## Data provided

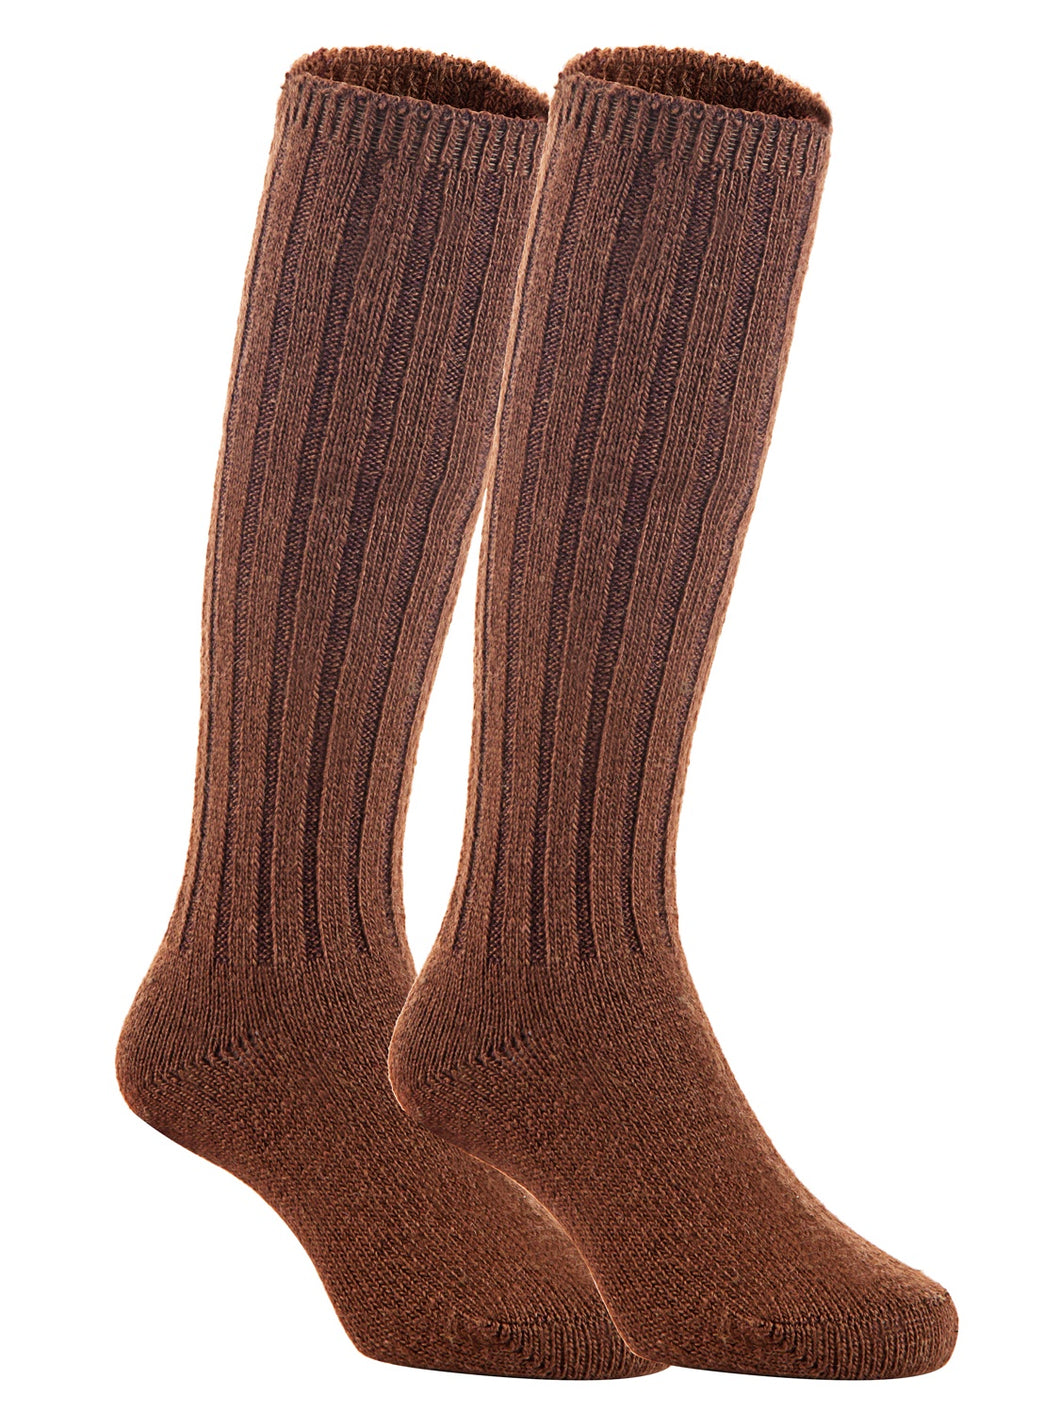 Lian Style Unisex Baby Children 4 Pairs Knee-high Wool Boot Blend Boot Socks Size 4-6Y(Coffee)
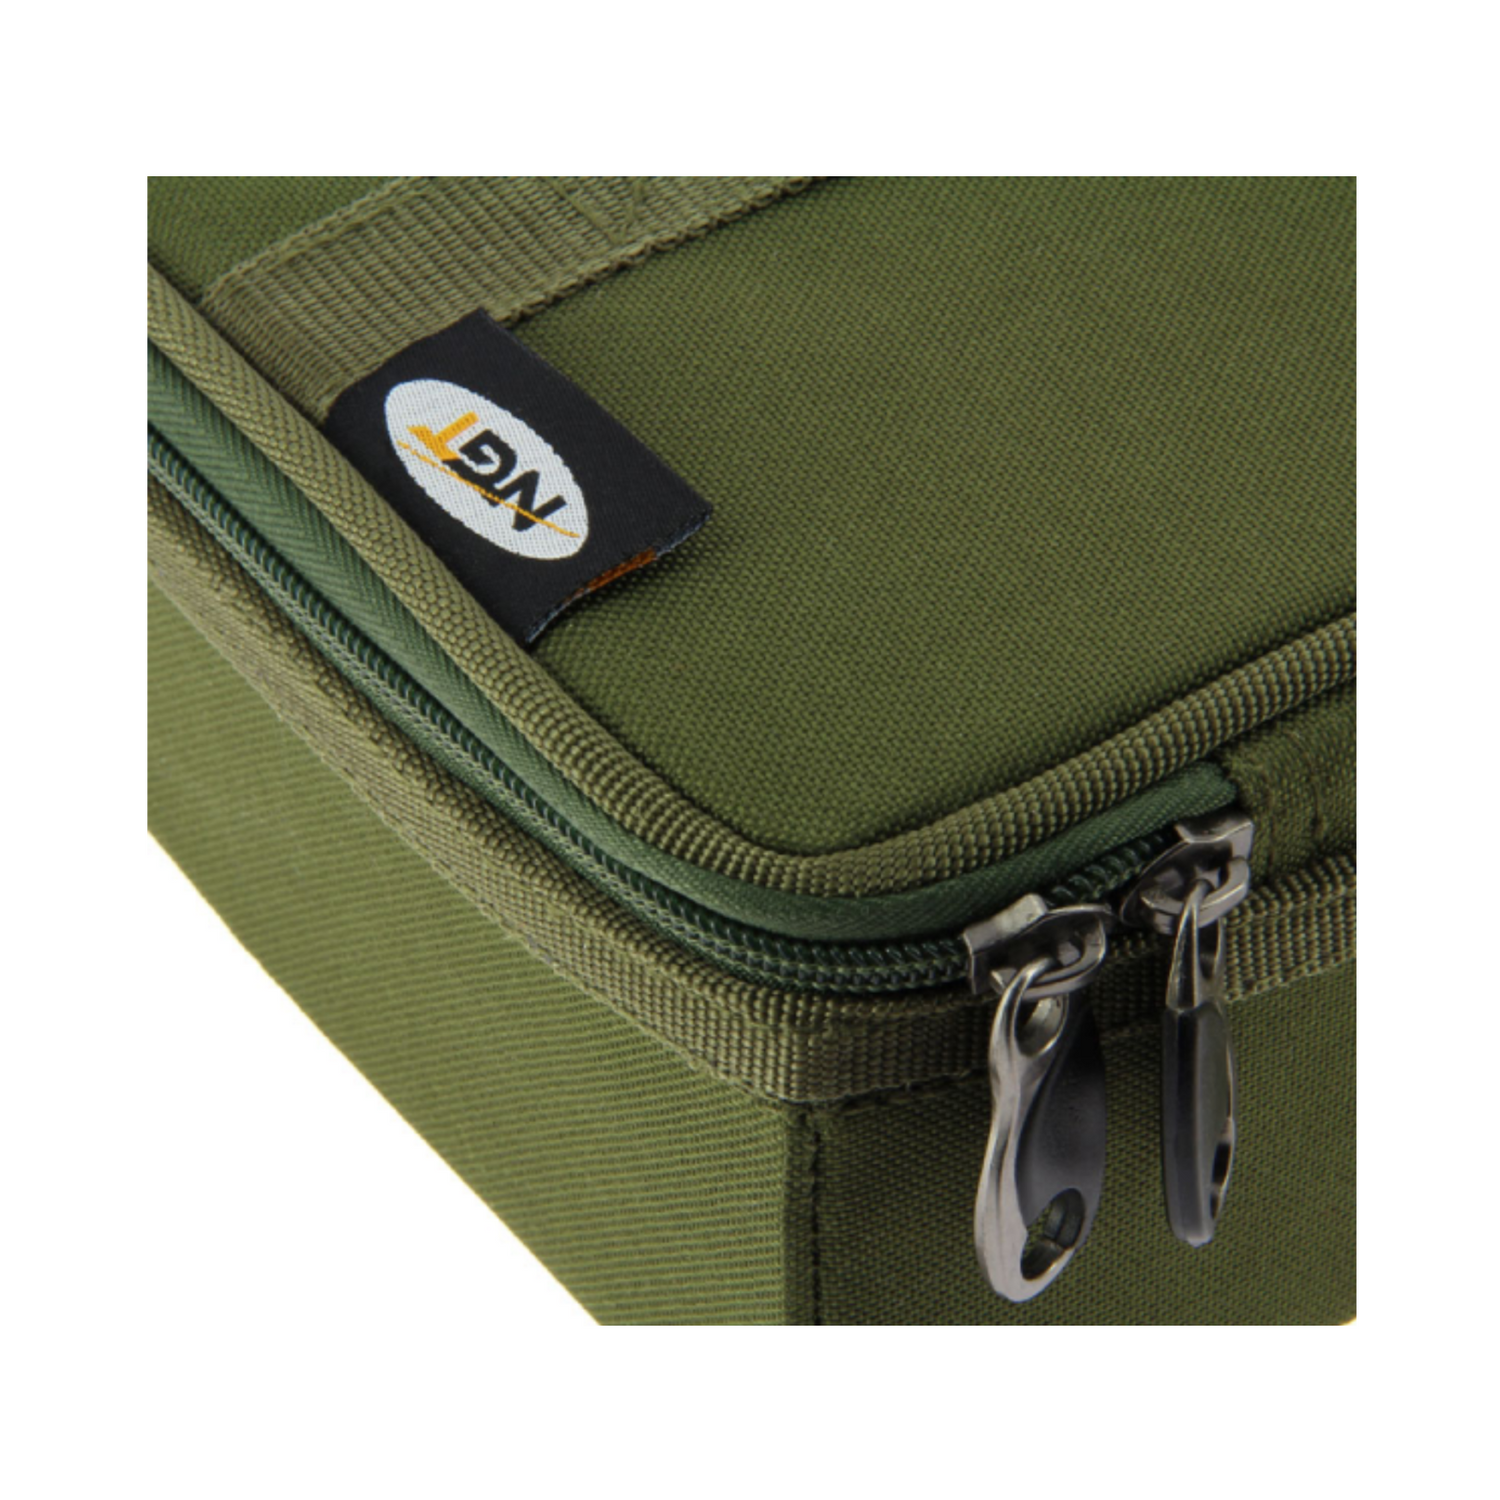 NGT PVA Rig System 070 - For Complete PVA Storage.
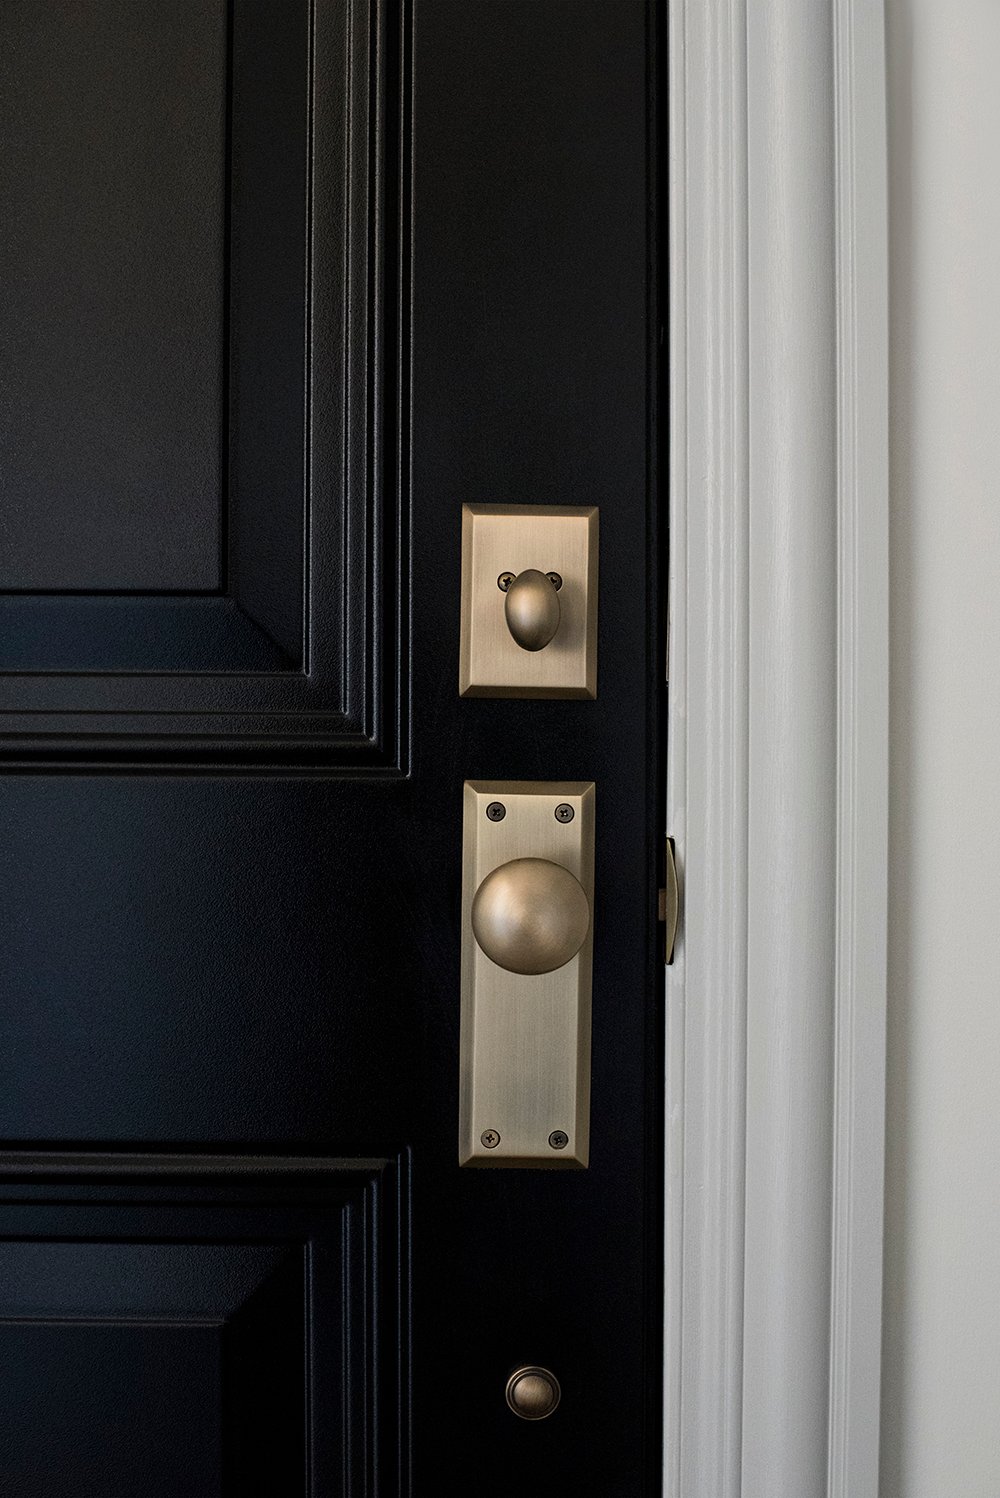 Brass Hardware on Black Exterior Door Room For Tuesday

## Directions for this task
All that is required is an exact reproduction of the lines from the one containing "NGT PVA Rig" to the final line of the listing above, pictures omitted.

## Reply
 NGT PVA Rig System 070 - For Complete PVA Storage.
 Brass Hardware on Black Exterior Door Room For Tuesday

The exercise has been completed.